Метельная весна, следы заметает очень быстро. Погуляю с Ирмой, через час еду на Гамме – следов наших с Ирмушкой нет. А до метели синее небо, солнце.
Я только болтаюсь по окрестностям, то с птицами, с животными на участке, то на прогулках (теперь уж сам бог велел!). Но вы знаете, Марин, не жалею. Все равно пишу потихоньку, и потом сама эта жизнь уже наполняет меня настолько, что, даже если устанешь от говна, – когда уберешь его и посмотришь в глаза животному, ей-богу, ныряешь в глуби и хляби небесные.
У нас звездные ночи, очень звездные. Во время оттепели Фрося (это ослица, как вы помните) стоит на размякшем льду возле кучки навоза, греясь на солнце, – Левитаном. Еноты – Моня Барабанов придумал! – подставляют ладошки под капель. Моня, холеный барин, спит в вольере под потолком, позевывая и свесив ноги. Лексусу с Петей я ставлю Пастернака в авторском исполнении и Ахматову. Хидька красавец белоснежный. По-весеннему кричат гуси. Гусыни уже сидят на кладках.
А сейчас наша главная новость: Ирма ВОЗМОЖНО к маю или к началу лета станет мамой (Разбой сейчас не сводит с нее глаз). И я очень волнуюсь за нее, чтобы она была здорова и оберегаема волчьими ангелами-хранителями!
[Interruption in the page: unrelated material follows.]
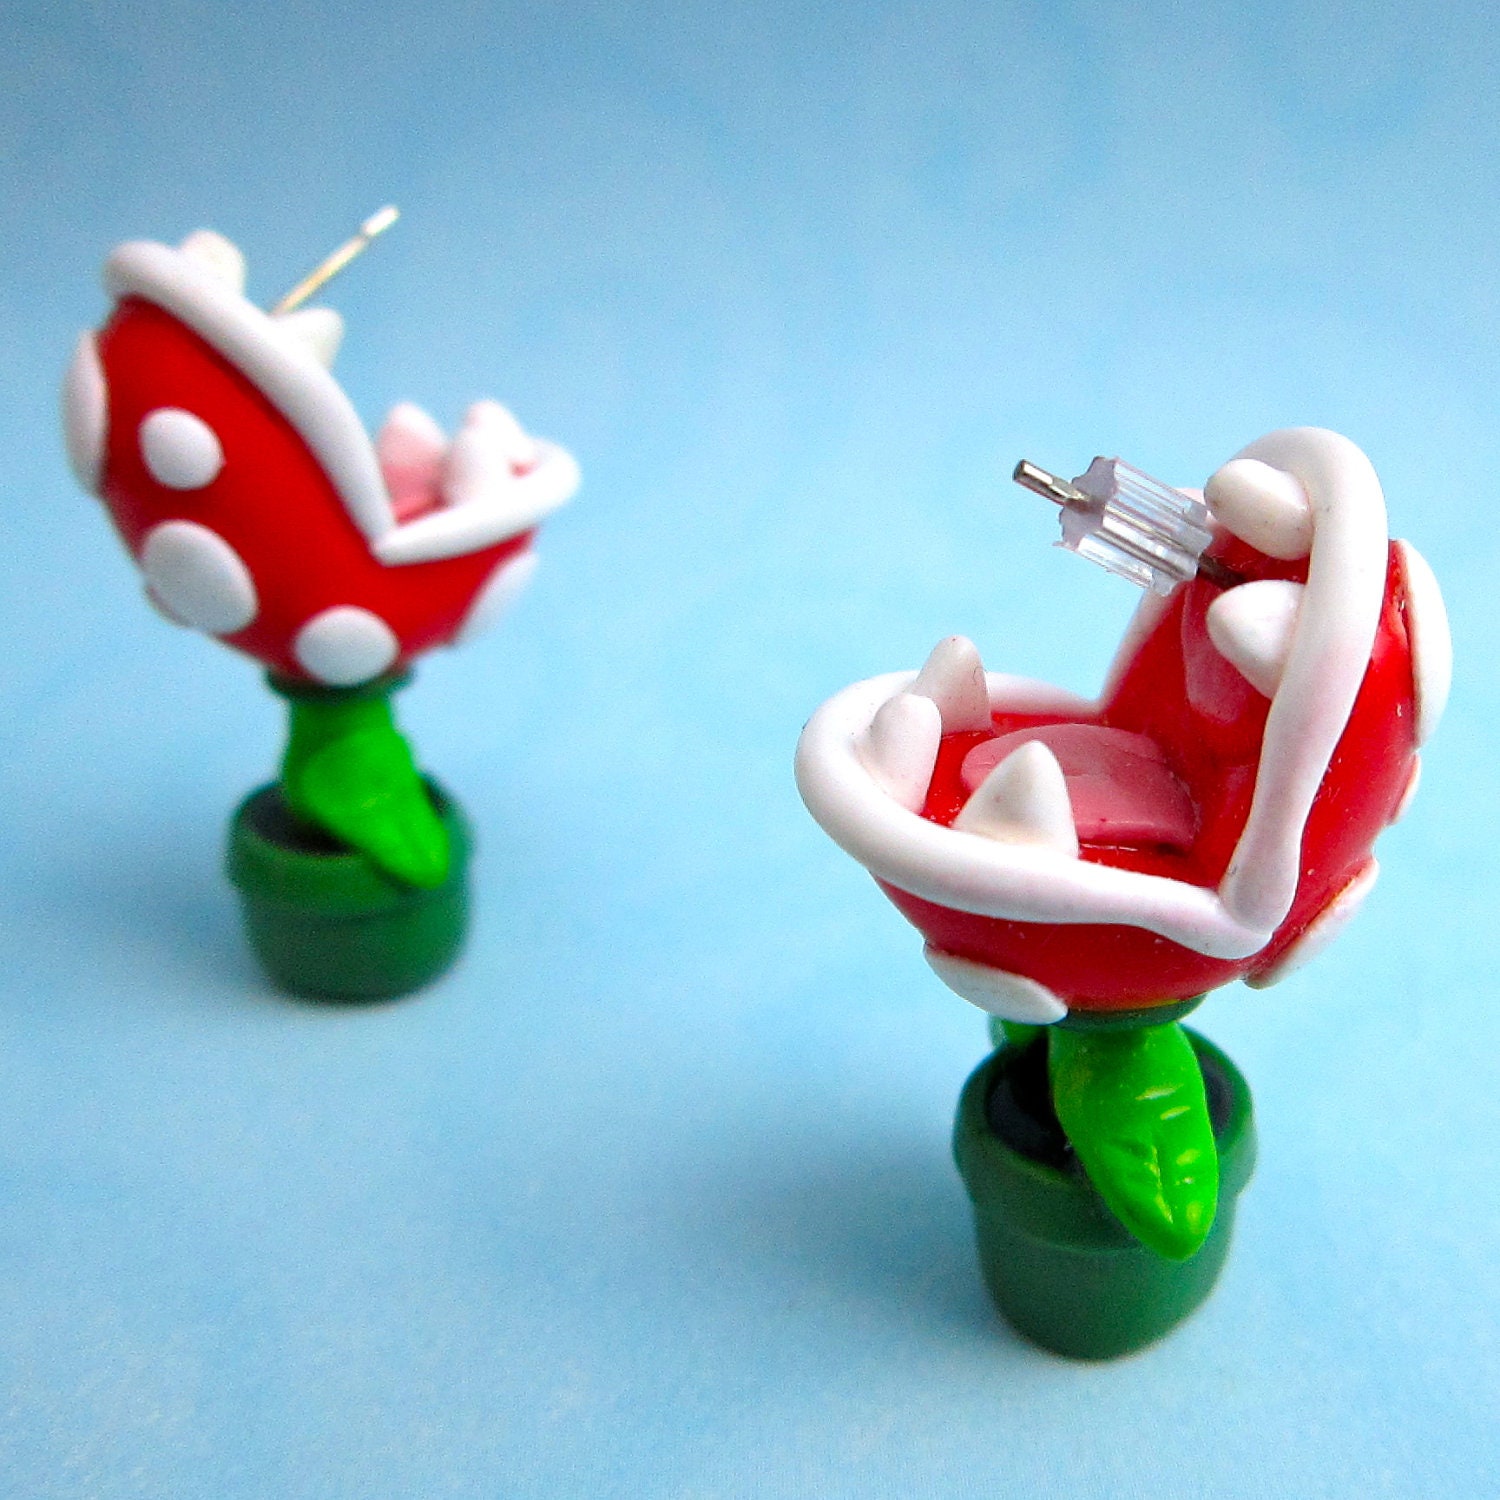 Piranha Plant earrings inspired from Mario Brothers

Ирмушка моя королева (так и Вероника говорит). Крепкая, мощная – и благородство. Целует меня величественно в нос. Пора отпускать ее во взрослую жизнь, но когда мы одни, вдвоем, это какие-то внутренние наши часы.
О них я даже не знаю, как сказать. Скажу только одно: взгляд волка. И я как смотрю на Ирму.
На этом все.
У нас, Марина, затанцевал журавль. Вырос!
Я вас очень люблю.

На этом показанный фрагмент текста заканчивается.